**ABOUT THIS EXERCISE**:
Transcribe the data verbatim and drop its images.

**DATASET EXCERPT**:

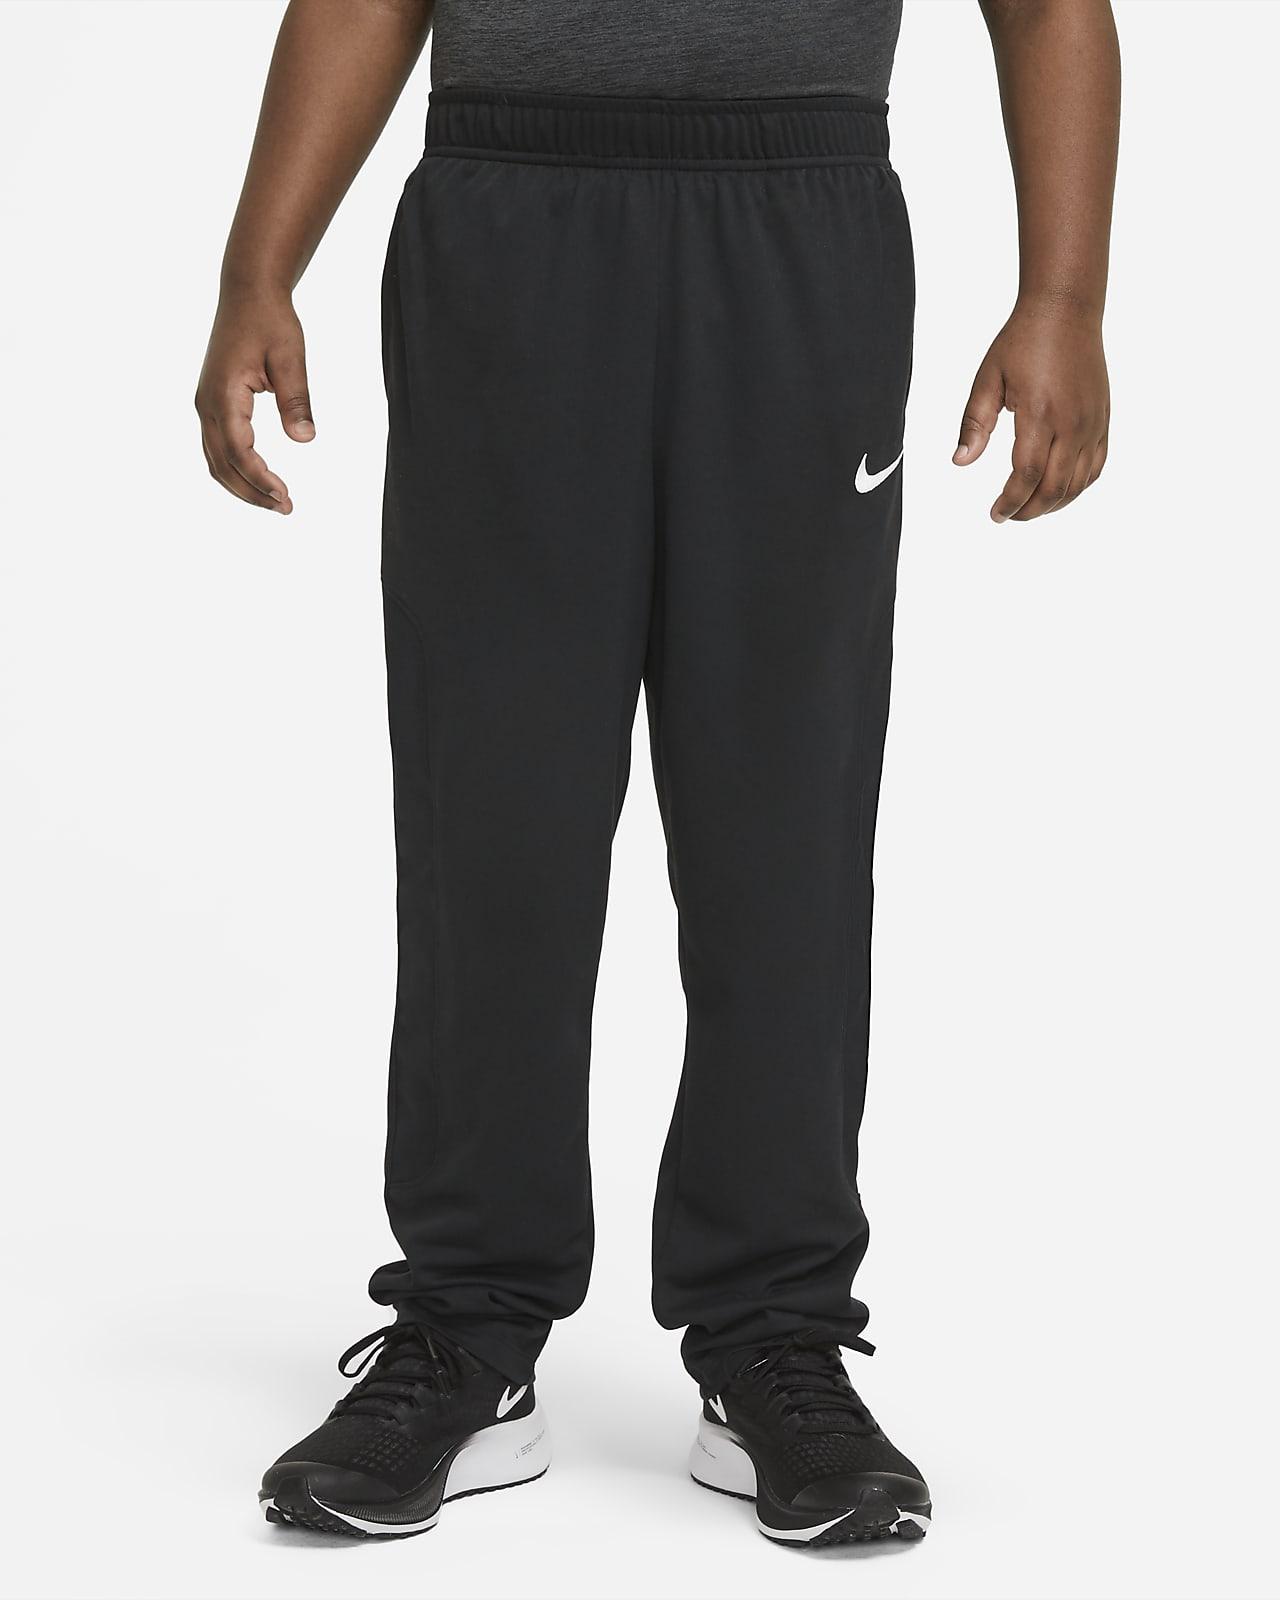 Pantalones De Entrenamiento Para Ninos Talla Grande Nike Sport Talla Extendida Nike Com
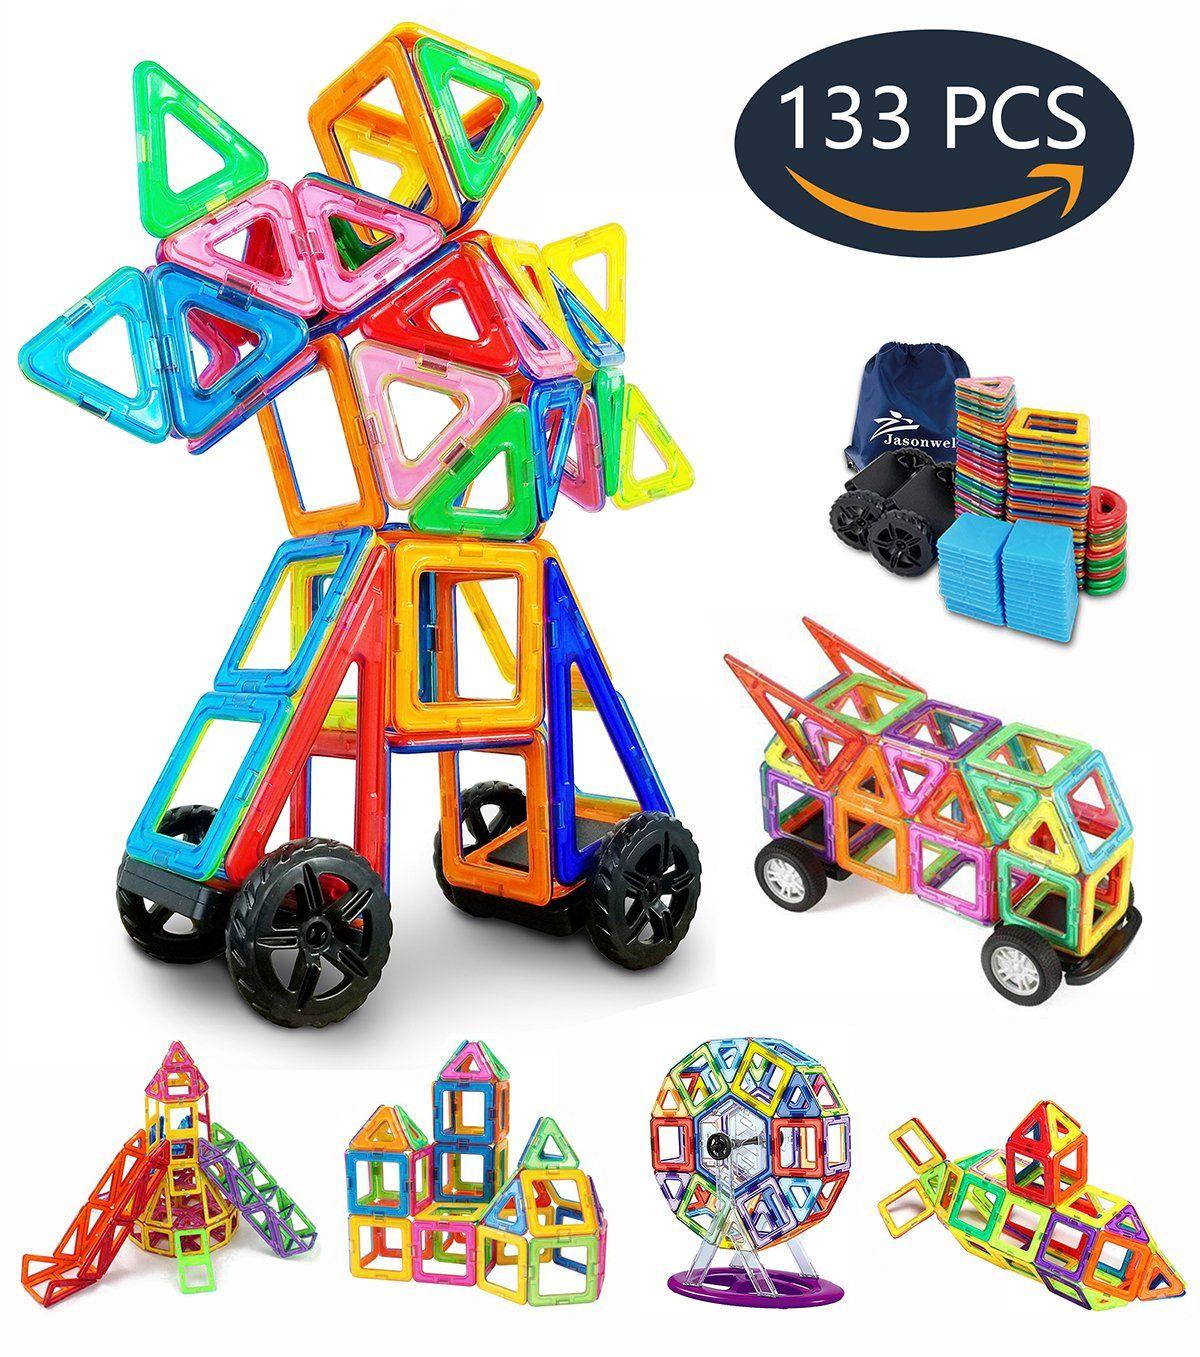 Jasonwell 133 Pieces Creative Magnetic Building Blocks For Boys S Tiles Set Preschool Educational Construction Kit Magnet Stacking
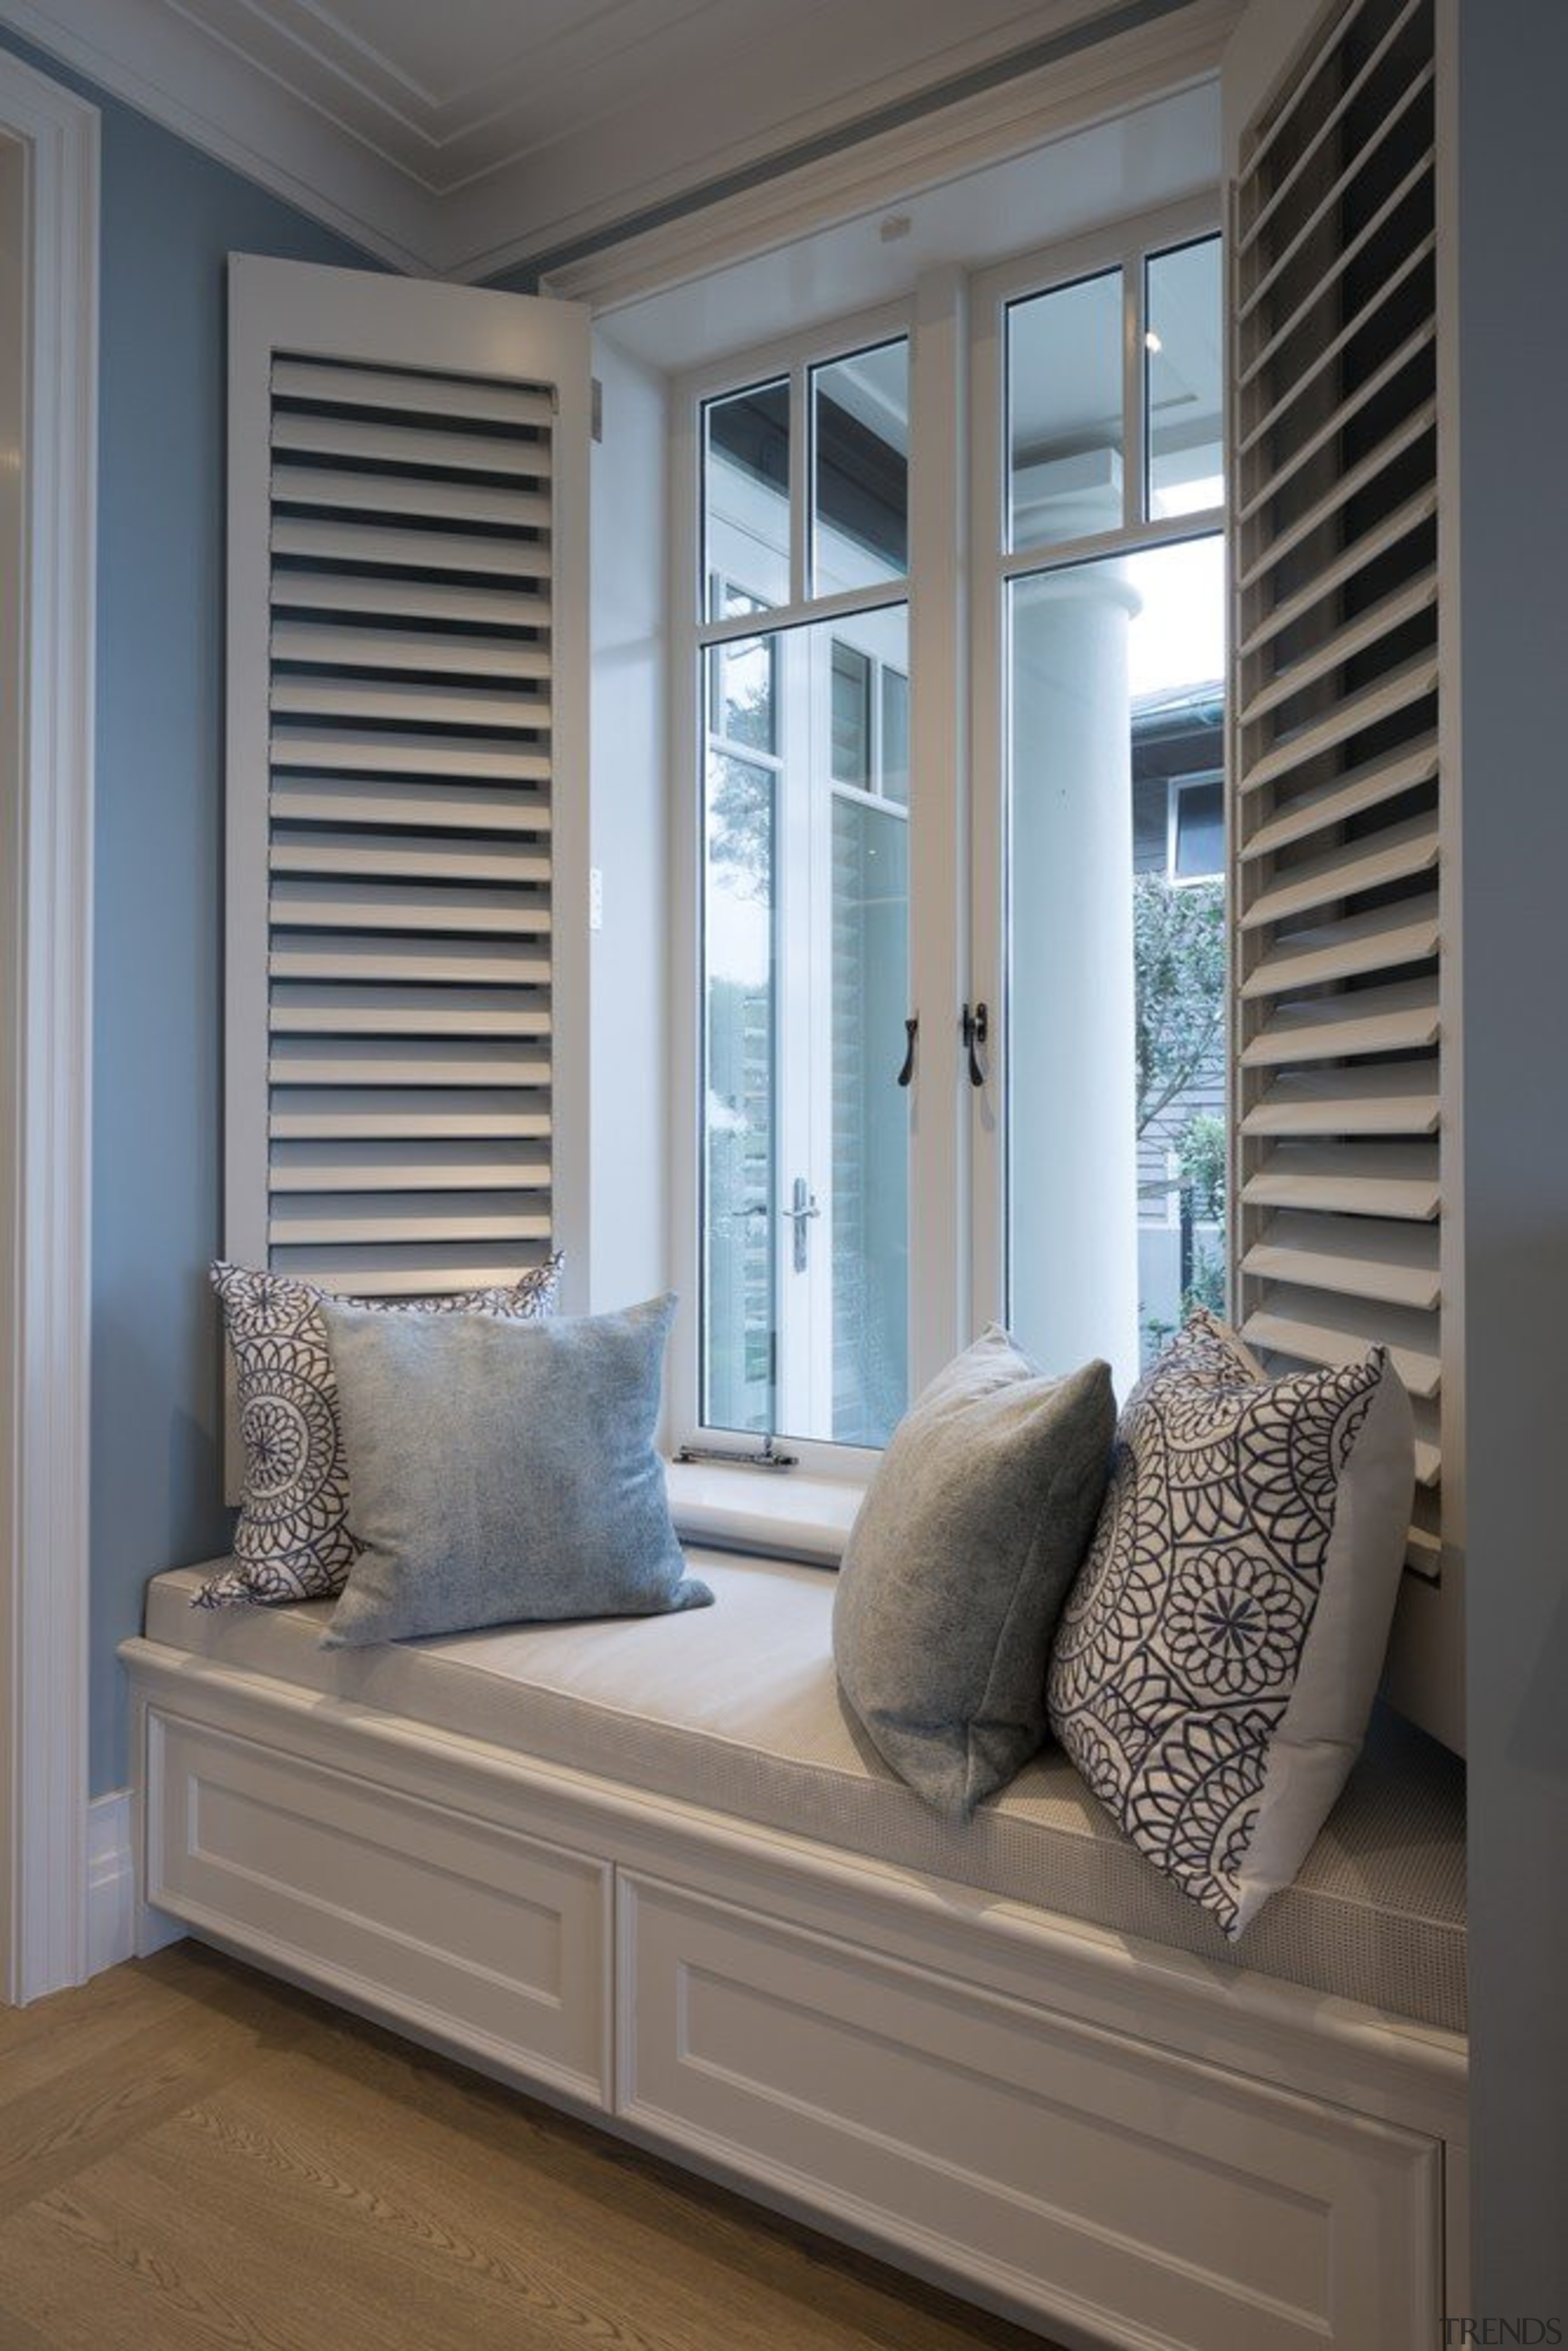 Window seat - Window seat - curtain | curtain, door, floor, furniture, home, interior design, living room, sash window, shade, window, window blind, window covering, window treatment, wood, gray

**WRITTEN REPLY**:
 Pantalones De Entrenamiento Para Ninos Talla Grande Nike Sport Talla Extendida Nike Com
 Jasonwell 133 Pieces Creative Magnetic Building Blocks For Boys S Tiles Set Preschool Educational Construction Kit Magnet Stacking
 Window seat - Window seat - curtain | curtain, door, floor, furniture, home, interior design, living room, sash window, shade, window, window blind, window covering, window treatment, wood, gray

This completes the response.